Voorts is niet bestreden dat vaststelling van de uitkering
overeenkomstig artikel 46 van de Verordening niet tot een voor
appellant gunstiger resultaat leidt.
Het geschil in hoger beroep betreft uitsluitend de weigering
van gedaagde om na 1 januari 1985 - tot de datum van het
besluit, 20 juli 1995 - een herberekening van de uitkering uit
te voeren, waartoe, in de visie van appellant, aanleiding zou
bestaan gegeven de aanmerkelijke waardedaling na 1 januari
1985 van de Italiaanse lire ten opzichte van de Nederlandse
gulden. In dit verband heeft de gemachtigde van appellant
verklaard op de hoogte te zijn met het bepaalde in de
artikelen 8 en 9 van het KB en de daarop gegeven
jurisprudentie, ingevolge welke koerswijzingen op zich niet
kunnen leiden tot een herziening van het tot uitbetaling
komende bedrag aan WAO-uitkering; hij beroept zich echter op
de zogenoemde contra-legemjurisprudentie van de Raad, op grond
waarvan in (bijzondere) omstandigheden strikte wetstoepassing
achterwege blijft wegens strijd met algemene rechtsbeginselen
of algemene beginselen van behoorlijk bestuur.
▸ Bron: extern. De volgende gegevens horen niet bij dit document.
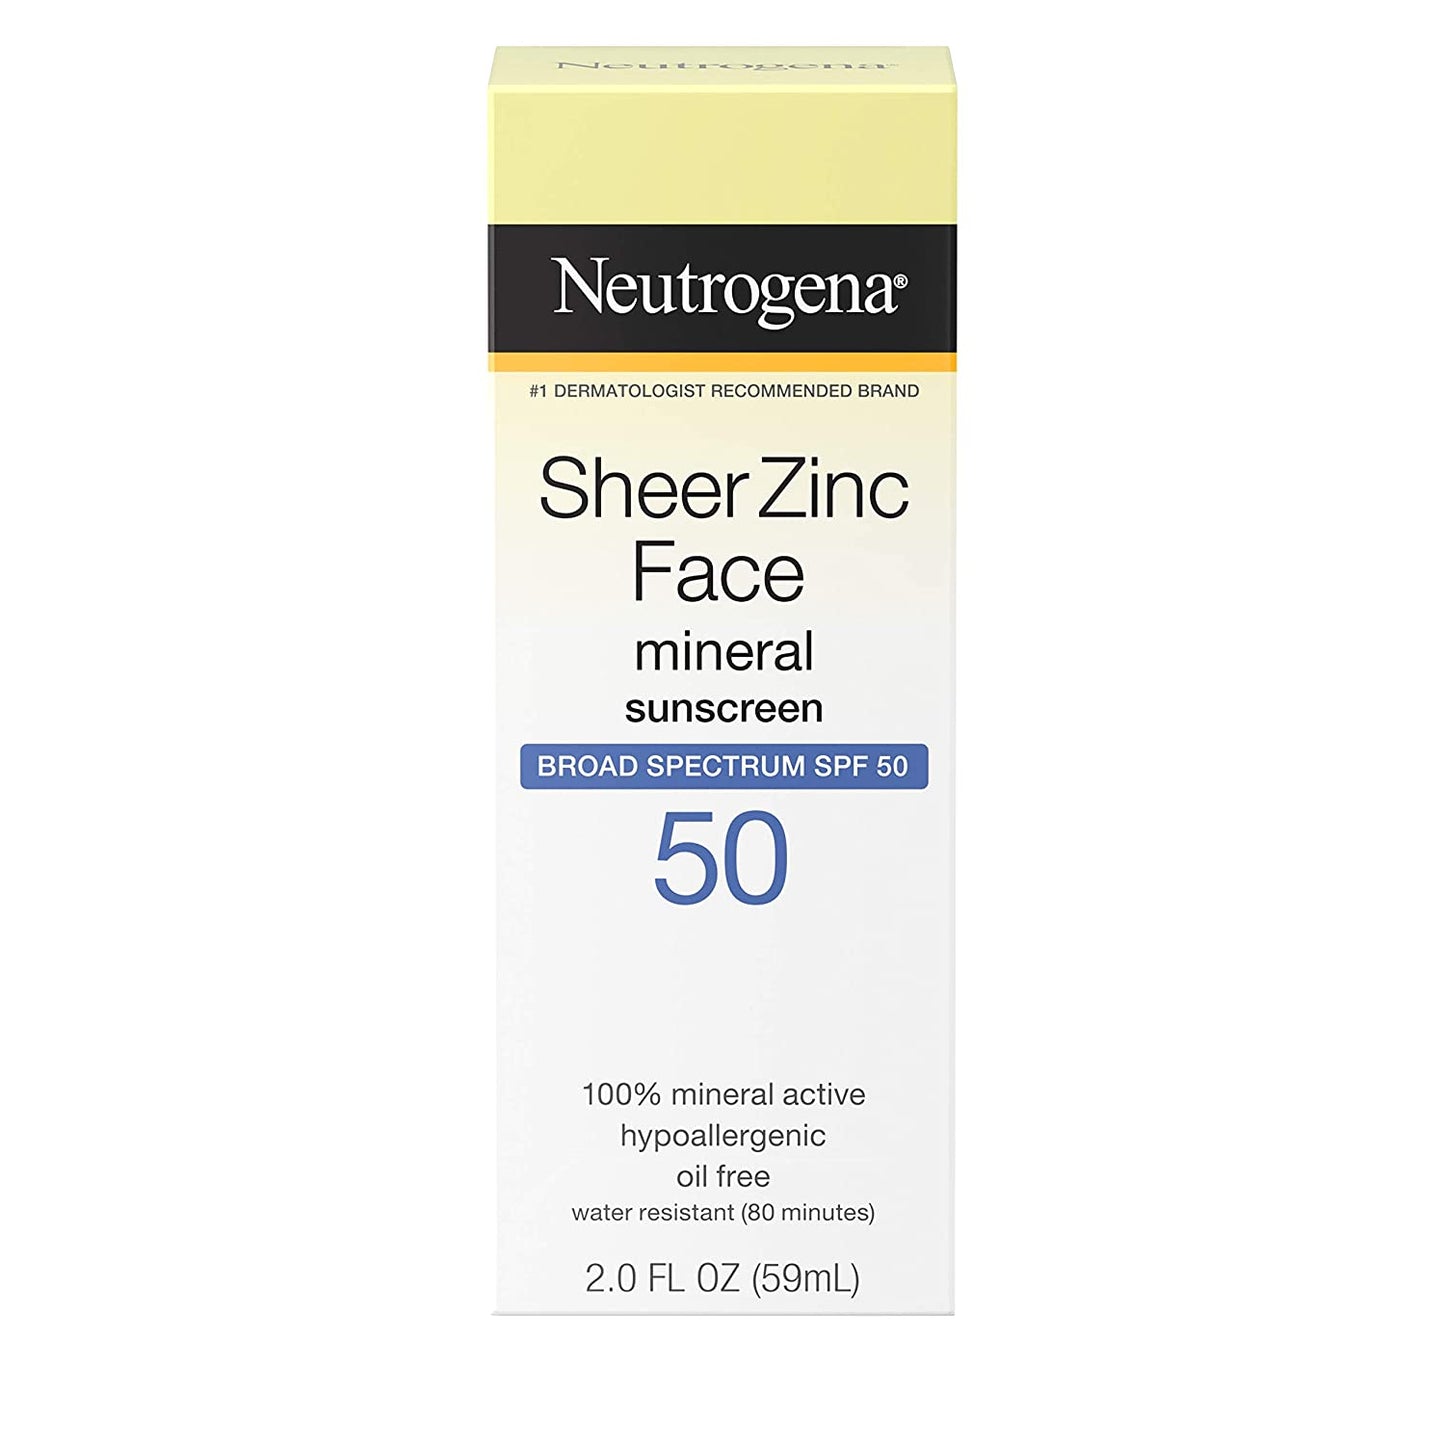 Neutrogena Sheer Zinc Face Mineral Sunscreen Lotion SPF 50, Oil-free & Water Resistant, 2.0 fl.oz / 59ml

Voorts is namens appellant gewezen op schriftelijke vragen in
de Tweede Kamer over de toepassing van artikel 8 van het KB,
de antwoorden daarop van de Staatssecretaris van Sociale Zaken
en werkgelegenheid (vergaderjaar 1995-1996, nr 223) en de
wijziging van het KB bij Koninklijk Besluit van 24 november
1997, Stb. 585.
De Raad overweegt, allereerst, dat in confesso is dat zich in
casu na 1 januari 1985 geen omstandigheden hebben voorgedaan
welke tot een herberekening van het tot uitbetaling komende
bedrag van de WAO-uitkering overeenkomstig de bepalingen van
het KB kunnen leiden; voorts, zoals ook namens appellant wordt
erkend, dat naar de uitdrukkelijke bewoordingen van artikel 8
van het KB zoals ten tijde in geding van kracht,
koerswijzigingen van de betrokken vreemde munteenheid geen
grond vormen voor zodanige herberekening. Dit laatste strookt
met de terzake geldende regeling in artikel 51 van de
Verordening en de daarop gegeven jurisprudentie van het EG-hof
(zie bijvoorbeeld HvJ d.d. 5 mei 1983, arrest Van der
Bunt-Craig, RSV 1983/214).
De Raad vindt geen vrijheid om van eerdergenoemde bepaling van
het KB af te wijken. Afgezien van de vraag hoe aanmerkelijk
het concrete nadeel is dat appellant heeft ondervonden en
ondervindt van de waardedaling van de lire ten opzichte van de
gulden, en of dat op zich genomen voldoende grond zou vormen
om te overwegen strikte wetstoepassing achterwege te laten,
ziet de Raad zich hier niet geplaatst voor de vraag of voor
dit laatste uit hoofde van regels van ongeschreven recht grond
is te vinden in de individuele omstandigheden of
bijzonderheden van het geval van appellant, maar wordt van
hem, in diens vordering, in wezen verlangd in meer algemene
zin uit te spreken dat een dwingend voorschrift onder bepaalde
condities - in casu: die waarin zich een ongebruikelijk en voor
de betrokkene ongunstig koersverloop voordoet - buiten
toepassing dient te blijven. Dit zou in de visie van de Raad
betekenen dat hij, in zekere mate abstraherend van het
concrete geval, zich uitlaat over het redelijkheidsgehalte van
het betrokken voorschrift, en aan zijn oordeel daaromtrent
gevolgen verbindt voor de toepasselijkheid daarvan. Zulks valt
echter buiten de grenzen van de door appellant bedoelde
jurisprudentie. Buiten de stelling van appellant om merkt de
Raad op dat hij evenmin aanleiding vindt om te oordelen dat de
besluitgever in redelijkheid niet een voorschrift als dat van
artikel 8 van het KB heeft kunnen vaststellen, mede gelet op
de overeenkomstige strekking van het reeds vermelde artikel 51
van de EG-verordening nr 1408/71.
Overeenkomstige bezwaren als hierboven geformuleerd gelden ten
aanzien van de toepassing bij wijze van anticipatie van het
gewijzigde artikel 8 van het KB bij Koninklijk Besluit van 24
november 1997, waarin is bepaald dat tenminste jaarlijks een
omrekening plaatsvindt van het in mindering te brengen
buitenlandse uitkeringsbedrag. Deze wijziging is in werking
getreden op 5 december 1997 en aan het Besluit is geen
terugwerkende kracht verleend. Overigens wijst de Raad erop
dat toepassing op de voorhand van die regel zou betekenen dat
ook bij koersstijging van de buitenlandse munt ten opzichte
van de gulden een omrekening plaatsvindt.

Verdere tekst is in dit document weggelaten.